You ask your Google Nest Hub Max to play some music, it lights up the display, maybe shows the song title, and then you get silence. Or it plays for a few seconds and cuts out. Sometimes it plays on a completely different speaker in your house instead.
Try this first: say "Hey Google, stop" to clear any lingering audio session, then "Hey Google, play music on this speaker" specifically. If that gets things moving, the issue was likely a confused audio routing setting rather than anything wrong with the hardware.
Check Your Default Music Service
Open the Google Home app on your phone and tap Settings > Services > Music. Make sure your preferred service is set as the default. If it's set to YouTube Music but you pay for Spotify, the assistant might fail silently when a track isn't available on the default service.
You can also test this by naming a specific song and artist. If the default service doesn't have it in its catalog, the Nest Hub Max just stalls without giving you an error.
Re-link the Music Account
Sometimes the account linking between Google and your music provider silently expires. In the Google Home app, go to Settings > Services > Music. Tap the gear icon next to your service, then Unlink Account.

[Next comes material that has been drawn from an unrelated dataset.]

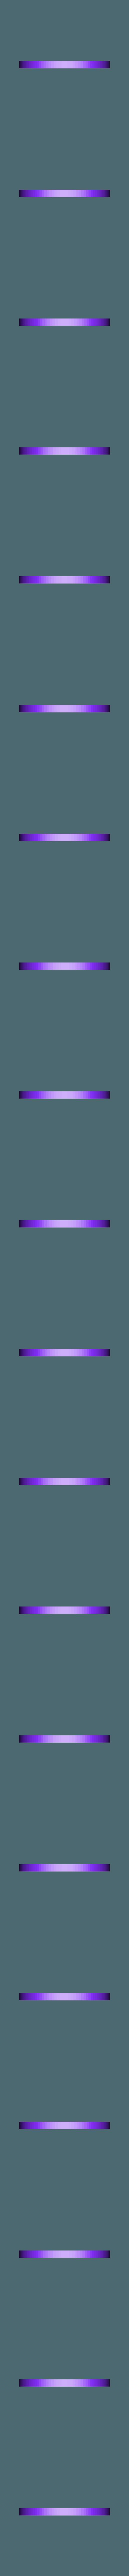 Mount_Planter_Part_1.stl Download free STL file Levitating Planter • 3D print design, Ananords

Tap Link Account again and sign in fresh. This clears up a surprising number of silent failures, especially after a firmware update.

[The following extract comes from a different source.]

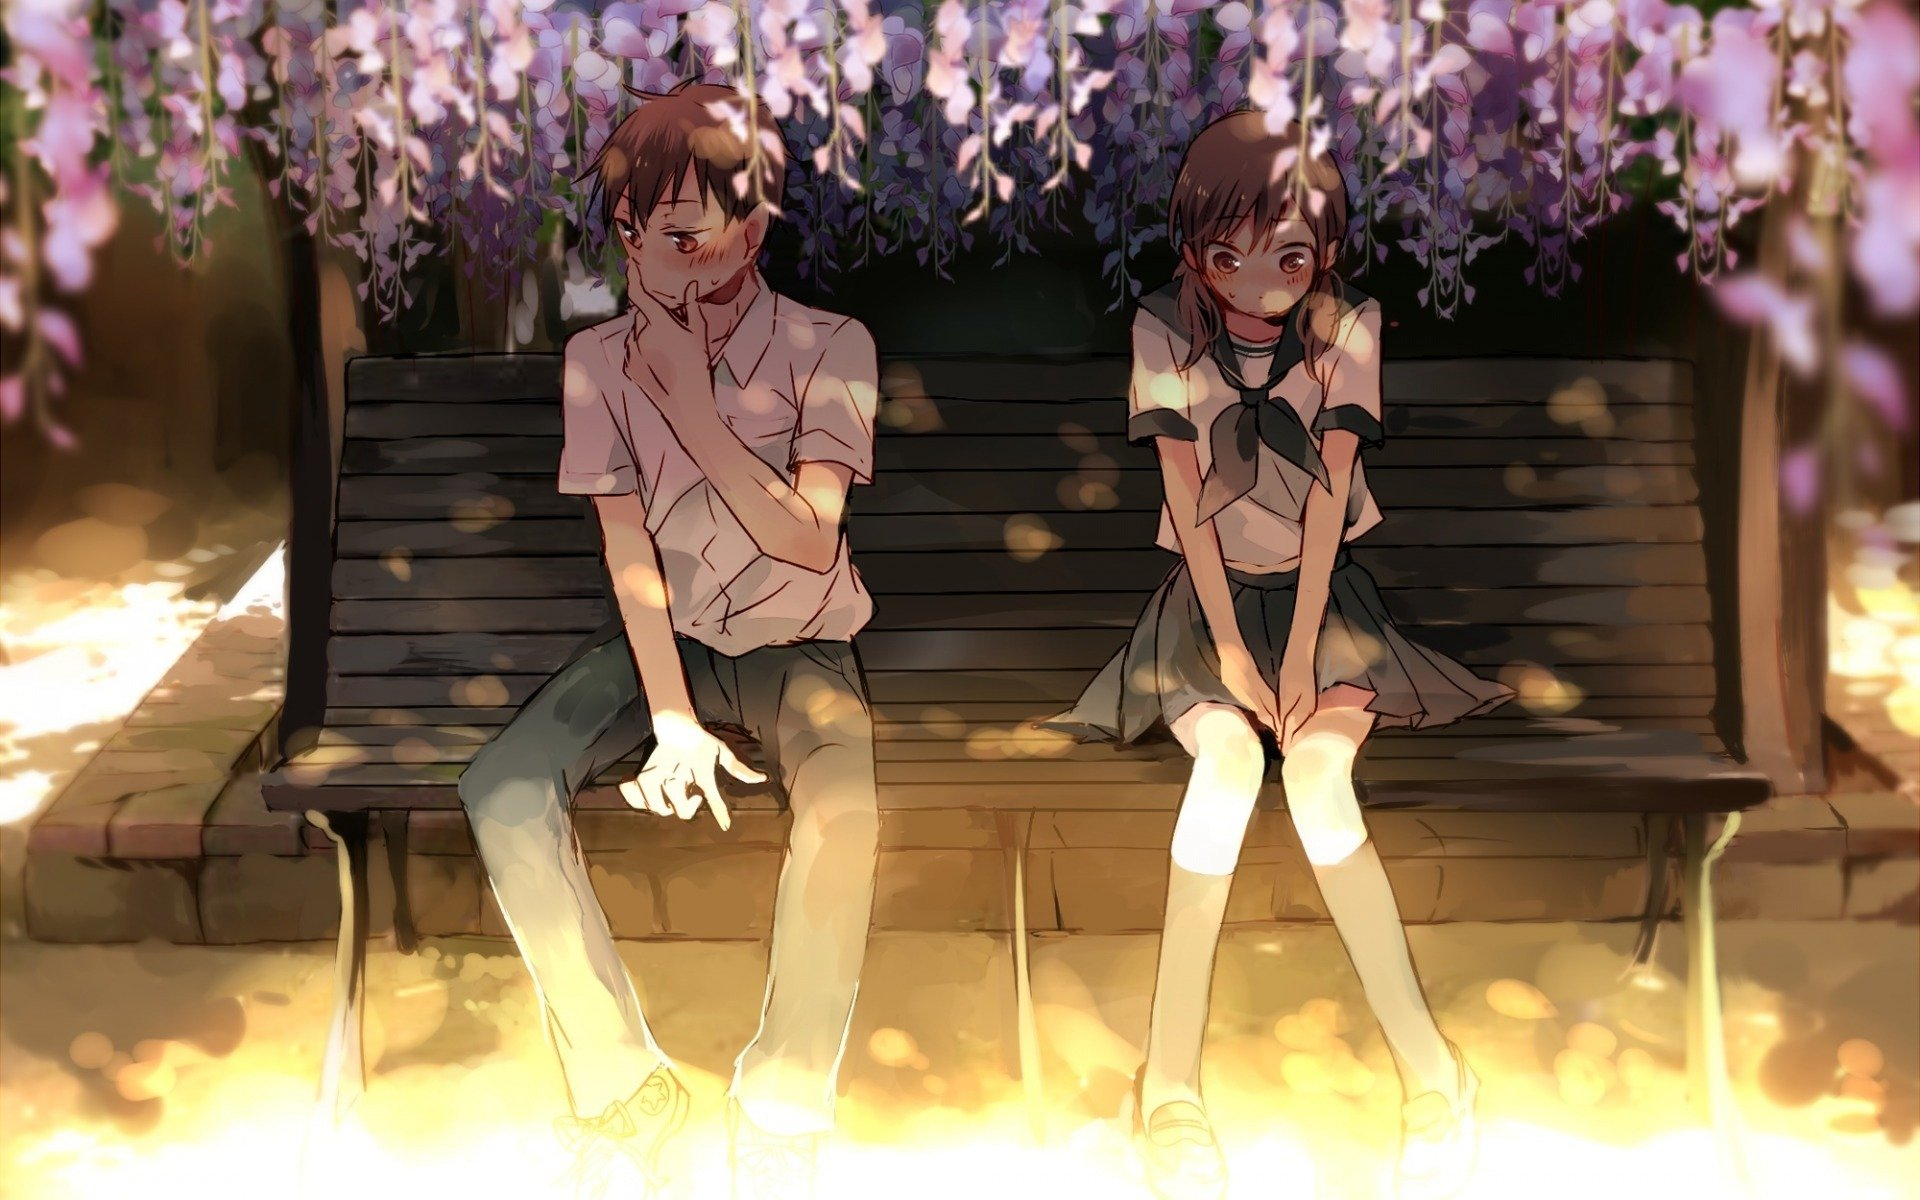 Tall Boy Short Girl Couple Wallpaper Cute Anime Girl Beautiful Short Hair Couple Love Boy

The Wi-Fi Band Makes a Difference
The Nest Hub Max connects to both 2.4 GHz and 5 GHz networks. If your router nudges it onto a congested 2.4 GHz band, streaming can stutter or stop after a few seconds. In the Google Home app, tap your Nest Hub Max, then Settings > Wi-Fi.
If it's on 2.4 GHz and your router supports it, forget the network and reconnect. Give it a minute to negotiate onto the 5 GHz band, then try streaming again.
Clear Stuck Casting Sessions
Your Nest Hub Max has Chromecast built-in, which is great until a casting session gets stuck in the background. An abandoned Spotify stream from your phone can hold audio focus and block new voice commands.
Open the Google Home app and tap Media. Look for any active or stuck sessions and tap Stop casting. Once the session is cleared, try your music command again.
The Speaker Group Might Be the Culprit
If your Nest Hub Max is part of a speaker group, the music might be trying to play to the whole group but failing on one device. This causes the entire group to drop out, leaving you with silence.
Ask for music on just this specific device: "Hey Google, play jazz on the kitchen display." If that works, remove the Nest Hub Max from its speaker group in the Google Home app, test it solo, then add it back fresh.
Check the Gemini Migration Status
As of April 2026, Google is migrating Nest Hub Max units from Assistant to Gemini for Home. This is rolling out in stages across 16 countries, and not every device has made the switch yet.
If your device is in the middle of this transition, music commands can behave unpredictably. Open the Google Home app and go to Settings > Digital Assistant from Google. If you see a toggle for Gemini, enable it. If not, your device hasn't received the update yet and may be in a slightly unstable in-between state.
Factory Reset the Nest Hub Max
If none of the above fixes work, a factory reset will clear out any corrupted settings or software conflicts. This erases everything your Wi-Fi, linked accounts, and preferences.
On the back of the Nest Hub Max, hold down both physical volume buttons simultaneously for about 10 seconds. The device will wipe itself clean and restart. You'll need to set it up from scratch in the Google Home app and re-link all your services.